На какие-то годы Кира совсем потеряла ее из вида. Нет, Комякова была на виду и очень на виду, какое-то время она даже возглавляла новый телевизионный канал, но Кира, хоть и вернулась на работу, целиком и полностью была погружена в свою собственную жизнь. Большую, огромную жизнь, в которой были ее ребенок – славный, большеглазый, упитанный малыш, его первые зубки, первые слова, муж – представитель совершенно другого мужского рода-племени, к которому надо было приспосабливаться и которого обслуживать, бесконечные заботы о еде (порой из «ничего» «что-то»), постельном белье ( белье Кира крахмалила и отглаживала до идеально гладких повехностей, идеально ровных краев, идеальных углов, а потом перекладывала лавандой), одежде, обуви, квартире (все это надо было все время приводить в порядок, поддерживать, чинить, наводить и наводить чистоту) и множество других тысяч и тысяч мелочей, которые и составляют жизнь любой нормальной женщины. Нельзя сказать, что эта жизнь ей так уж нравилась, но она была для нее естественной. Так жили ее мать, и бабка… И множество других женщин вокруг. И, наверное, даже когда была она чем-то очень недовольна или утомлена, и тогда, вряд ли она предпочла бы такой жизни беззаботную жизнь женщины-одиночки.

Одно время муж, до того работавший в одном институте с Виталиком, занимался бизнесом. Ему везло, и они сделали какие-то приобретения – купили машину, мебель и бытовую технику. Но так как к бизнесу он был не способен, то и везение в конце-концов кончилось и кое-что из приобретенного даже пришлось продать. И технику, и машину. Провалявшись несколько месяцев в хандре и с подозрением на микроинфаркт, замучив и себя, и Киру капризами, жалобами и совершенно не мужским нытьем, муж пошел в подручные к своему приятелю, у которого бизнес шел лучше. Зарабатывал немного, но на жизнь хватало, и мало-помалу все как-то стабилизировалось.

Так что, Комякова надолго потерялась из вида, хоть и была на виду.
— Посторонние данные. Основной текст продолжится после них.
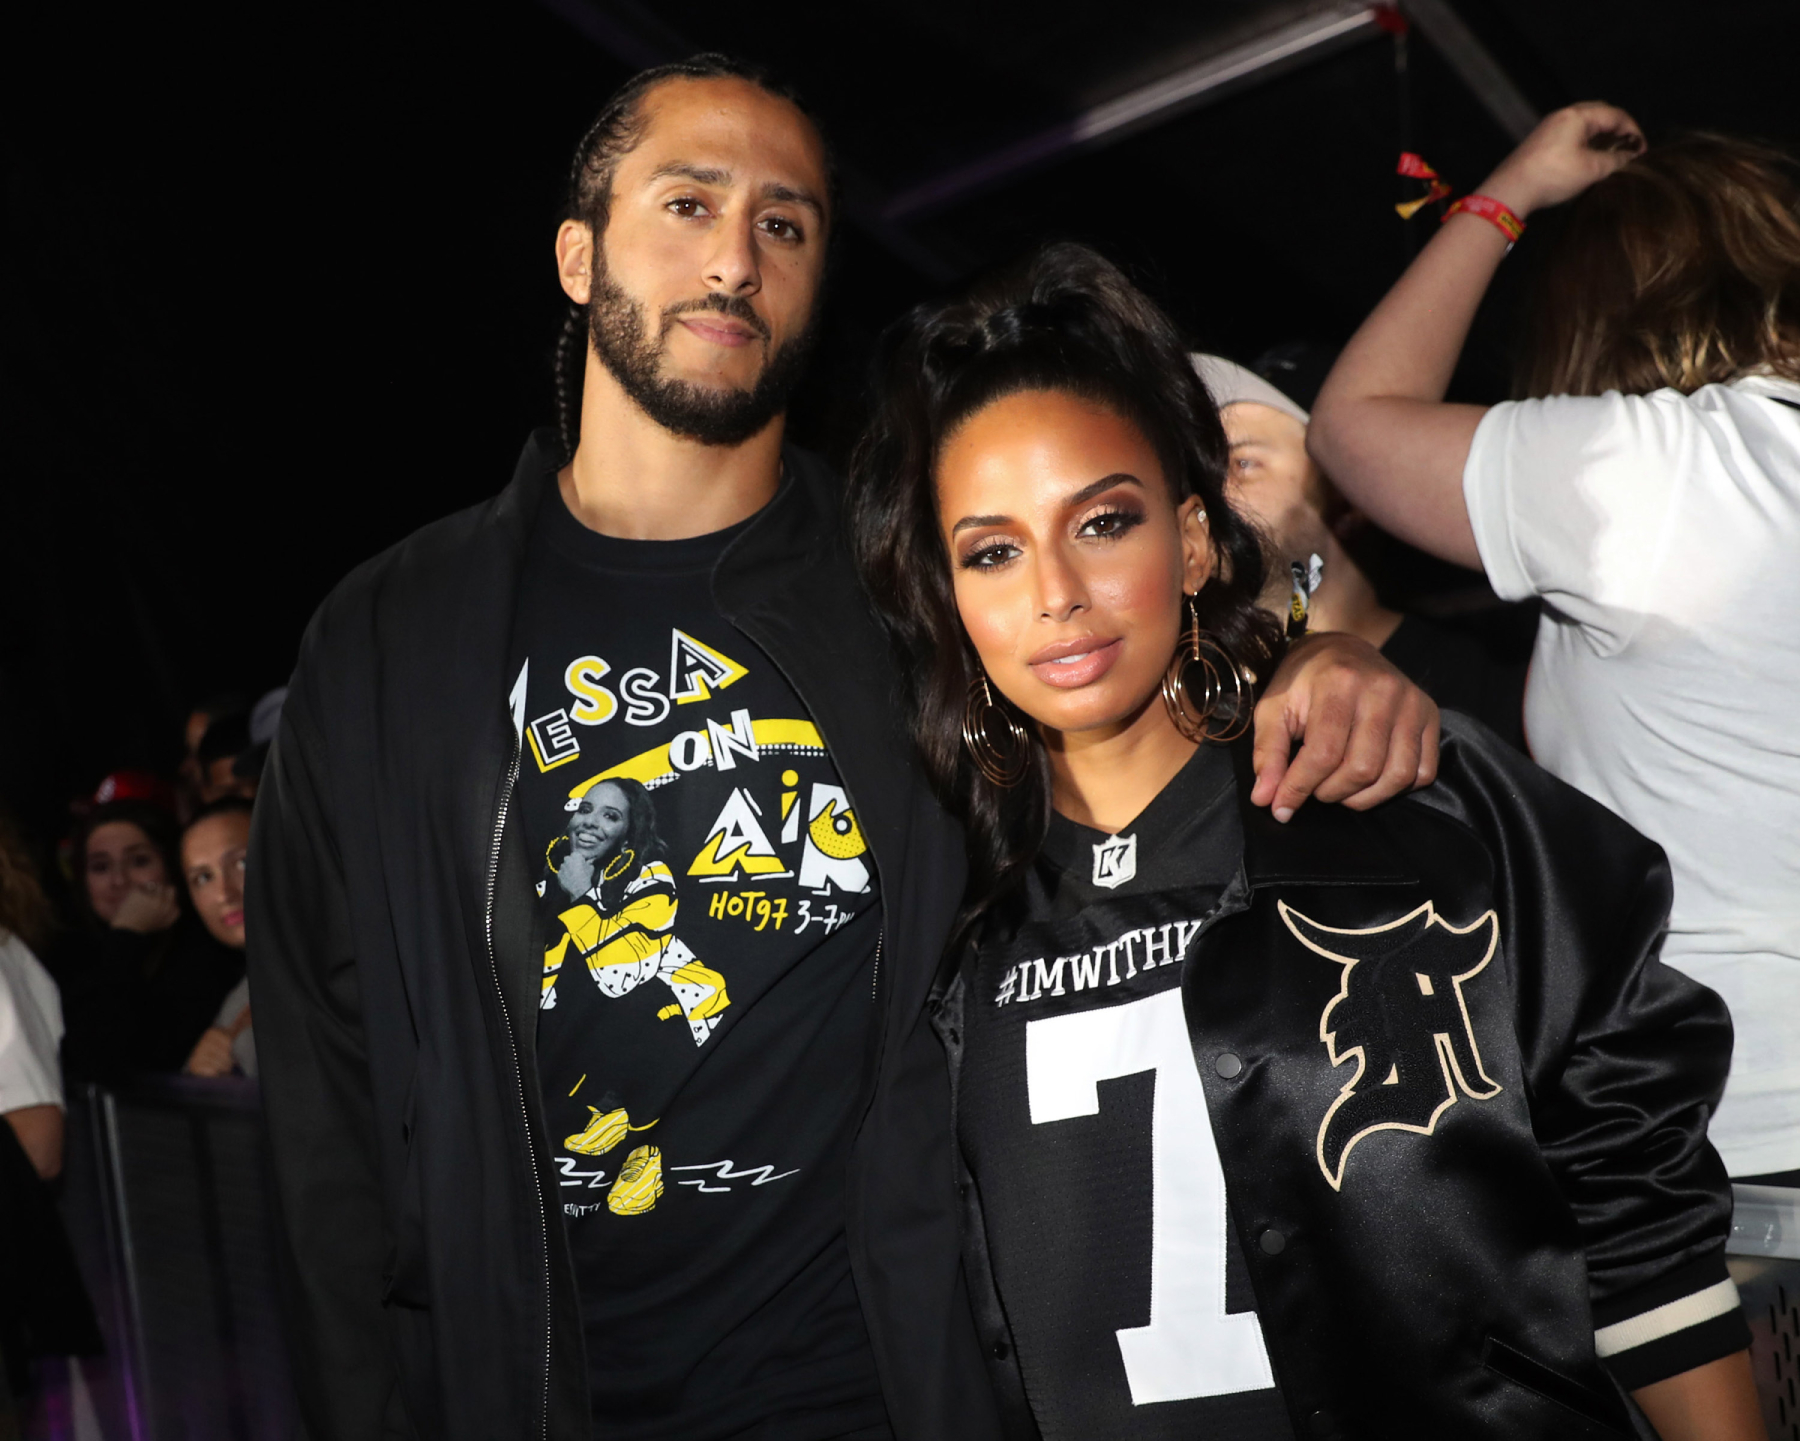 Colin Kaepernick and Eric Reid aren't in the NFL. However, Kaepernick, Reid, and Kaepernick's girlfriend Nessa won't stop fighting.

Кира совсем забыла про ее существование. И вот однажды вечером, после того, как она уложила ребенка, а муж, вернувшийся из командировки, спал, не раздеваясь, на нерасстеленной тахте, она услышала в трубке знакомый голос, то сразу даже и не врубилась, не поняла и переспросила, кто ей звонит.

- Я, я! – раздраженно сказала Комякова.

Комякова немного помолчала и спросила формально и без интереса.

- Как ты?

И Кира также формально ей ответила.

- Хорошо. А ты?

- Я – плохо, - сказала Комякова. – Можешь ко мне приехать?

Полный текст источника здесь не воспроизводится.